The medical record: a basic document for the medical staff

 

 

MsC. Maritza Alcaraz Agüero, 1 Al. Yaimí Nápoles Román, 2 Al. Isbel Chaveco Guerra, 2 Al. Máximo Martínez Rondón 2 y Al. Juan Mario Coello Agüero 3

 

1 Especialista de I Grado en Medicina Interna. Máster en Longevidad Satisfactoria. Profesora Auxiliar. Policlínico Docente "Armando García Aspurú", Santiago de Cuba, Cuba.
2 Alumnos de tercer año de Medicina. Proyecto Policlínico "Armando García Aspurú", Santiago de Cuba, Cuba.
3 Alumno de quinto año de Medicina.
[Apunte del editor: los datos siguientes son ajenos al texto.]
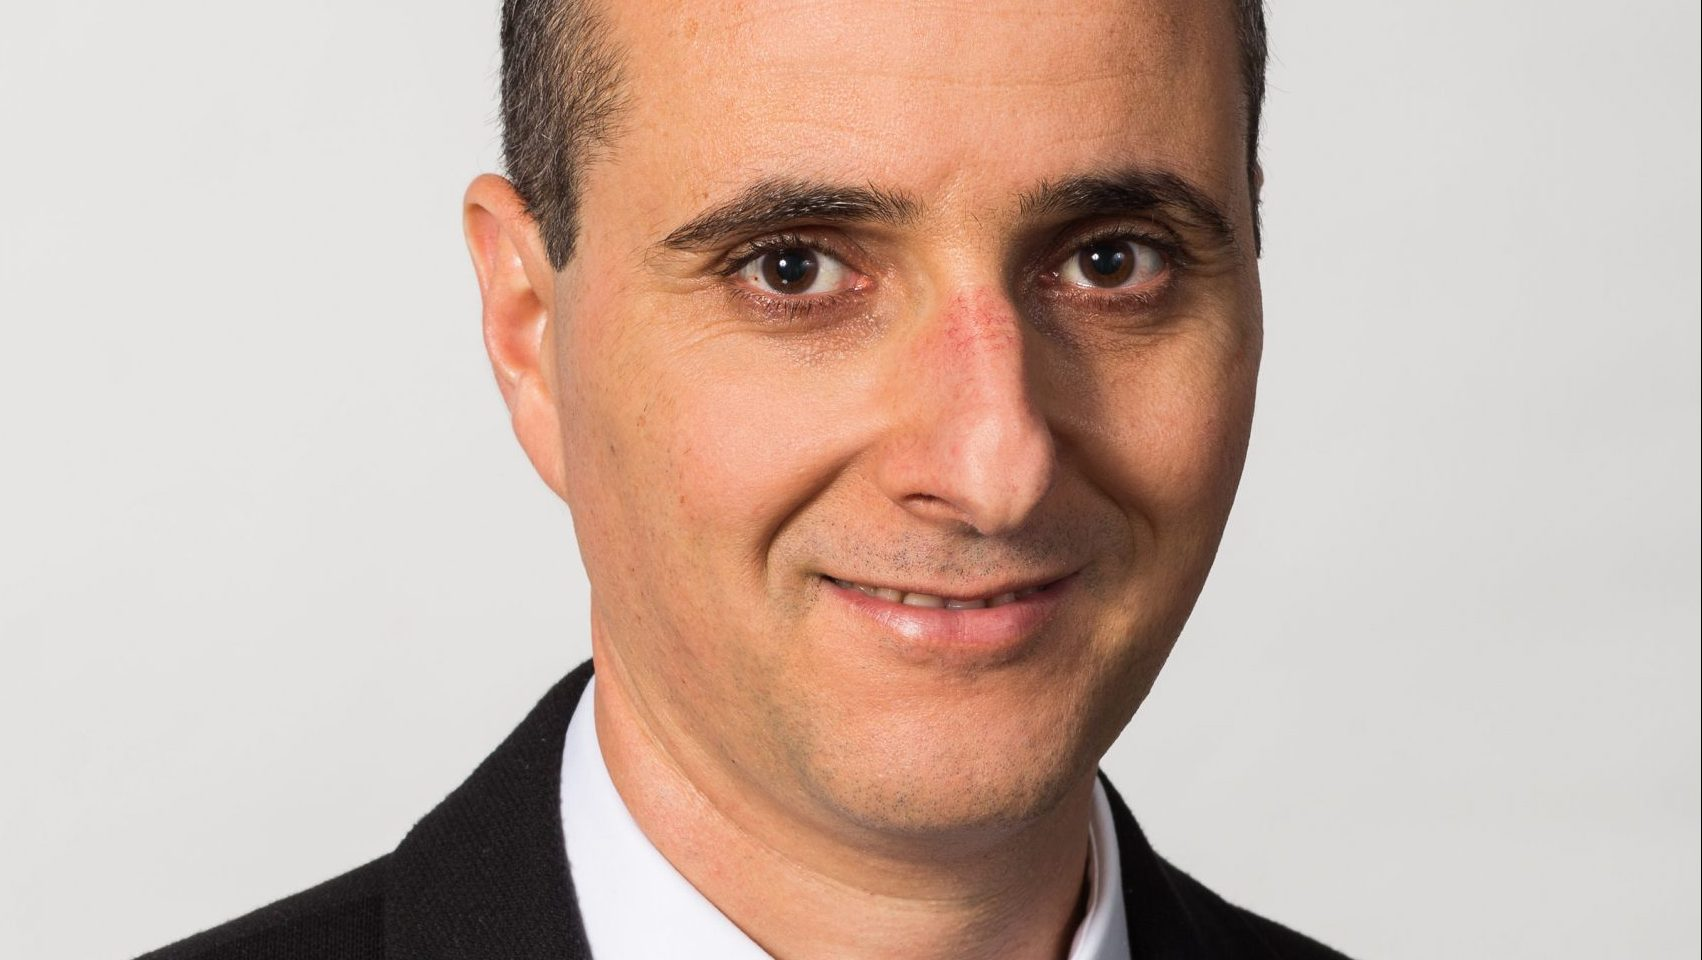 """אדי אביעד מונה לסמנכ""""ל, ראש תחום המוצרים הפיננסיים באיאון ישראל"""

Facultad de Ciencias Médicas No.1, Universidad de Ciencias Médicas, Santiago de Cuba, Cuba.

 

 


RESUMEN

Se realizó una búsqueda bibliográfica sobre la historia clínica, justificada por el deterioro observado en la confección de muchos de estos expedientes, presumiblemente atribuible al desconocimiento de sus funciones, tipos, beneficios o perjuicios derivados de un contenido incompleto del documento, teniendo en cuenta que su adecuada elaboración permite al personal médico obtener los datos pertinentes sobre signos vitales, pruebas indicadas, esquemas terapéuticos, evolución u otras importantes informaciones sobre el estado de salud y la calidad de vida de los pacientes.

Palabras clave: historia clínica, anamnesis, relación médico/paciente


ABSTRACT

A literature search on the medical record was carried out , justified by the impairment observed in making many of these files, presumably attributable to the ignorance of their functions, types, benefits or damages derivative of an incomplete content of the document, keeping in mind that their appropriate elaboration allows the medical staff to obtain the pertinent data on vital signs, prescribed tests, therapeutic schemes, clinical course or other important informations on the health state and the life quality of the patients.

Key words: medical record, anamnesis, doctor/pacient relationship


 

 

INTRODUCCIÓN

La historia clínica, definida como el conjunto de documentos derivados de la relación médico/ paciente, que a partir de la segunda mitad del siglo XX se convirtió en el vínculo directo entre los usuarios y el hospital, en la atención primaria se le denomina historia de salud.1 Además de los datos clínicos relacionados con la situación del paciente, su proceso evolutivo, tratamiento y recuperación, ese expediente no se limita a contener una simple narración o exposición de hechos, sino que incluye juicios, documentaciones, procedimientos, informaciones y consentimiento de la persona enferma, basados en el principio de autonomía, en su reconocimiento y aceptación del estado de salud o enfermedad que presenta y en su participación en las tomas de decisiones. 1, 2

Para que dicha relación médico/paciente sea plenamente exitosa, debe fundarse en un compromiso responsable, leal y auténtico, entre otros aspectos caracterizado por: profesionalidad, ayuda a pacientes y licitud, puesto que en la norma jurídica se establece que la historia clínica deviene un documento indispensable. 1 En algunos espacios se soporta en páginas escritas, vídeos, fotografías, exámenes radiográficos u otras modalidades; en las nuevas instituciones hospitalarias y centros de salud, en bases de datos informatizadas, que permiten acceder a su contenido con rapidez y certeza. 1

Entre las funciones de la historia clínica figuran: docencia e investigación, epidemiología, mejora continua de la calidad de vida, gestión y administración, así como elementos medicolegales, 2 de donde se infiere que existen diferentes modelos para ser llenados.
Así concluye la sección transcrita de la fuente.